In [6]:
import pandas as pd
import os
import datetime as dt

In [7]:
def read_and_clean(country, lng_path, area_suffix, coal_path = "./Bloomberg/Rotterdam Coal.xlsx"):
        os.chdir(os.path.join("/Users","ethan","Dev","Thesis Work"))
        # start by iterating and reading in all of the files
        price_data = []
        #os.chdir("../..")
        os.chdir(os.path.join("Data", country, "Price"))
        for file in os.listdir():
                price_data.append(pd.read_csv(file))

        prices = pd.concat(price_data)

        # general clean up
        prices = prices.dropna(subset=["Day-ahead Price [EUR/MWh]"])
        prices = prices[prices["Day-ahead Price [EUR/MWh]"] != "n/e"]
        prices = prices[prices["Day-ahead Price [EUR/MWh]"] != "-"]
        prices["Price"] = prices["Day-ahead Price [EUR/MWh]"].apply(float)
        prices = prices[["MTU (CET/CEST)","Price"]]

        # convert the time range into a start + end time
        prices["Start"] = prices["MTU (CET/CEST)"].apply(lambda x: x.split("-")[0])
        prices["End"] = prices["MTU (CET/CEST)"].apply(lambda x: x.split("-")[1])

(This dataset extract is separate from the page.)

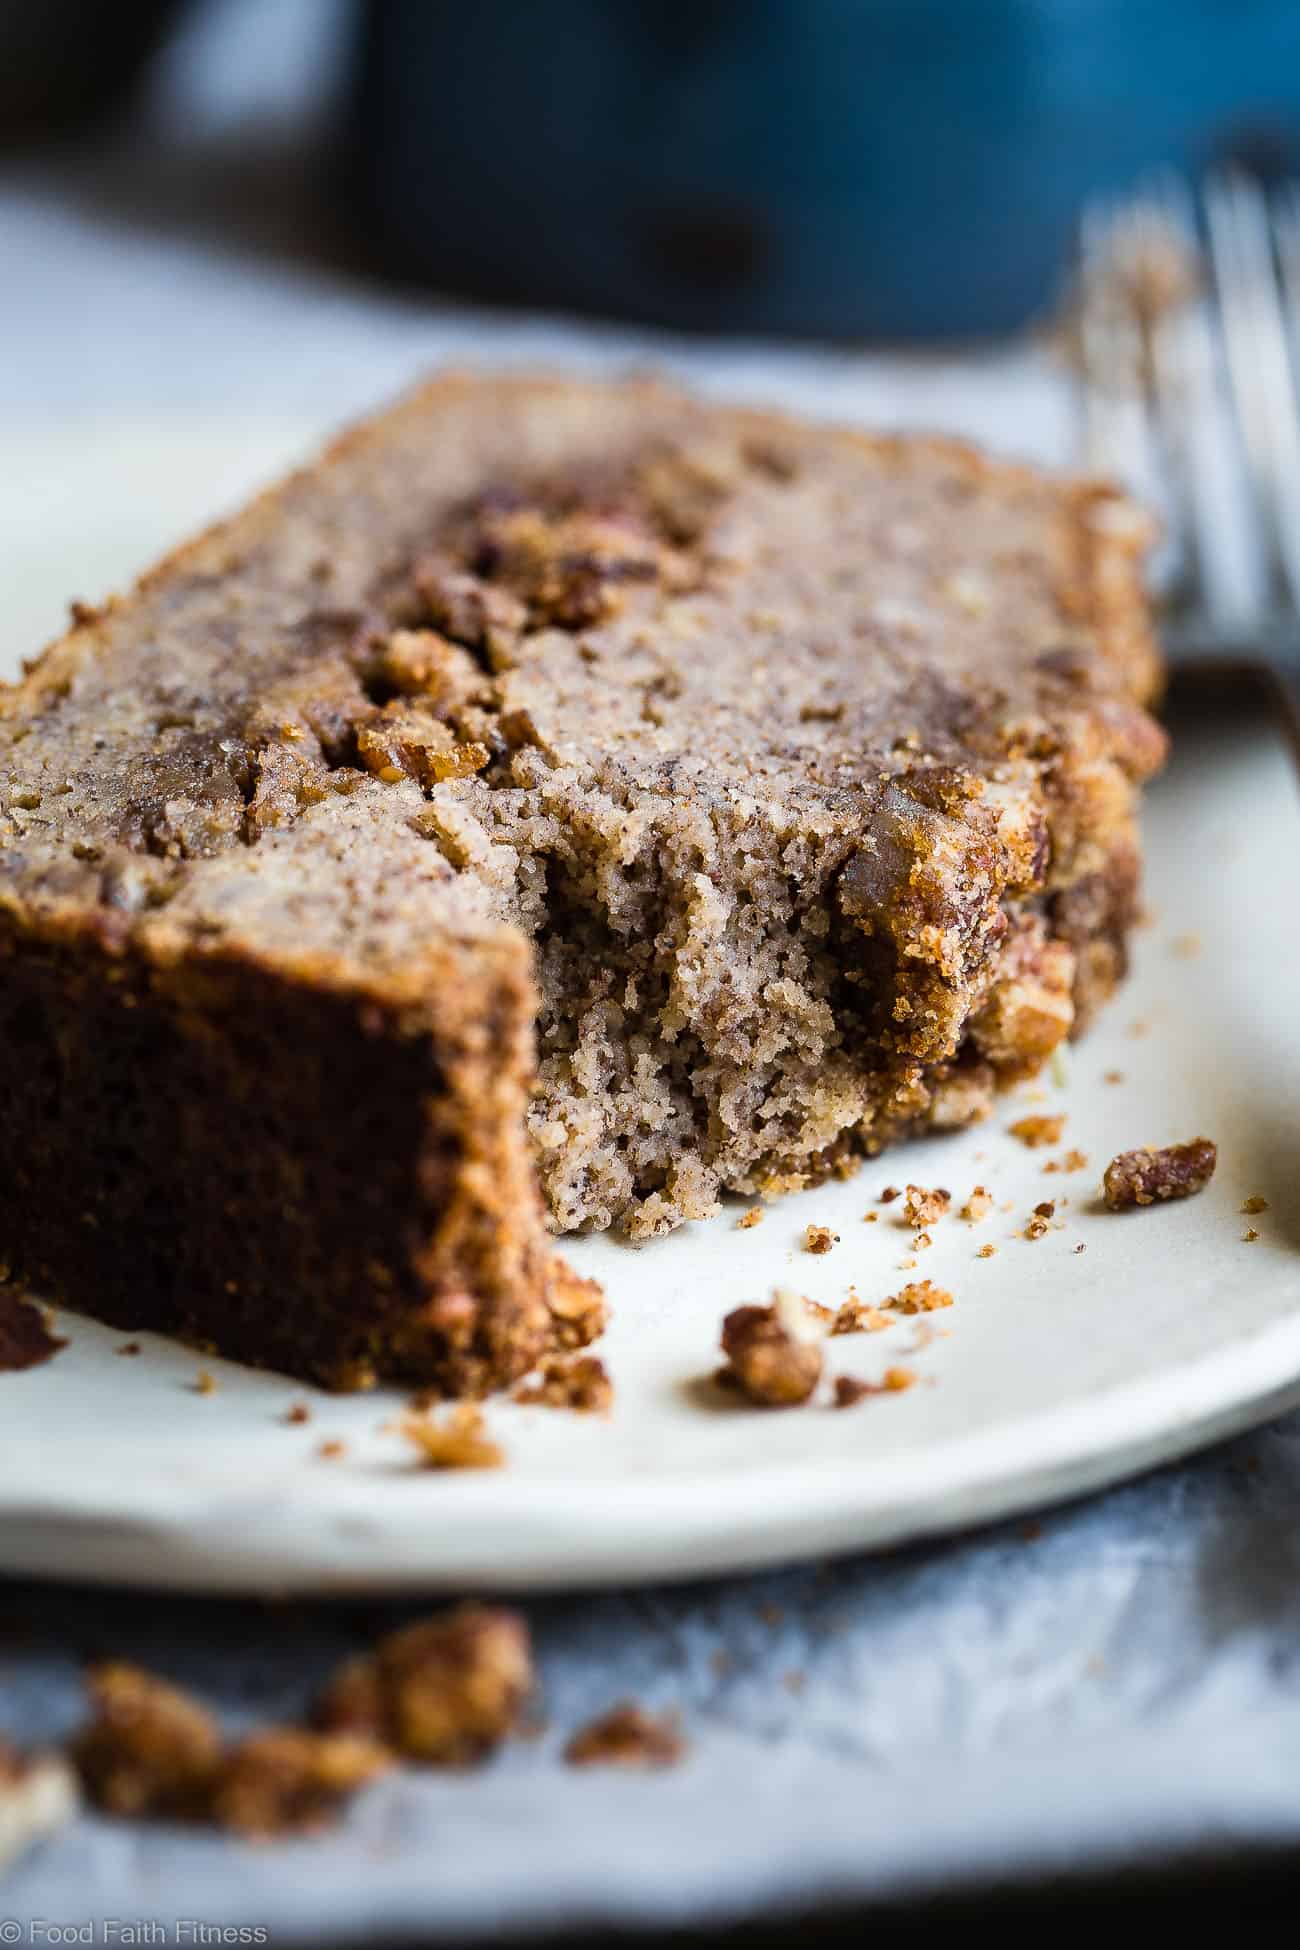 The Best Paleo Banana Bread with Pecan Streusel - This easy Paleo Coconut Flour Banana Bread is gluten/grain/dairy/refined sugar free but perfectly moist and sweet! The pecan topping MAKES it so addicting and you'll never know it's healthy! | Foodfaithfitness.com | @FoodFaithFit

        ## READ AND CLEAN LOAD DATA
        # work through the same process for the load data
        load_data = []
        os.chdir(os.path.join("..", "Load"))
        for load_file in os.listdir():
                df = pd.read_csv(load_file)
                load_data.append(df)
        os.chdir(os.path.join("..",".."))
        loads = pd.concat(load_data)

        # special step for Germany due to some quirks of reporting
        if(country == "Germany"):
                loads["Forecast"] = loads["Day-ahead Total Load Forecast [MW] - BZN|DE-AT-LU"].combine_first(loads["Day-ahead Total Load Forecast [MW] - BZN|DE-LU"])
                loads["Actual"] = loads["Actual Total Load [MW] - BZN|DE-AT-LU"].combine_first(loads["Actual Total Load [MW] - BZN|DE-LU"])
        elif(country == "Austria"):
                loads["Forecast"] = loads["Day-ahead Total Load Forecast [MW] - BZN|DE-AT-LU"].combine_first(loads["Day-ahead Total Load Forecast [MW] - BZN|AT"])
                loads["Actual"] = loads["Actual Total Load [MW] - BZN|DE-AT-LU"].combine_first(loads["Actual Total Load [MW] - BZN|AT"])
        else:
                loads["Forecast"] = loads["Day-ahead Total Load Forecast [MW] - {}".format(area_suffix)]
                loads["Actual"] = loads["Actual Total Load [MW] - {}".format(area_suffix)]
        loads = loads.dropna(subset=["Forecast", "Actual"])
        loads = loads[loads["Actual"] != "n/e"]
        loads = loads[loads["Actual"] != "-"]
        loads["Actual"] = loads["Actual"].apply(float)
        loads["Forecast"] = loads["Forecast"].apply(float)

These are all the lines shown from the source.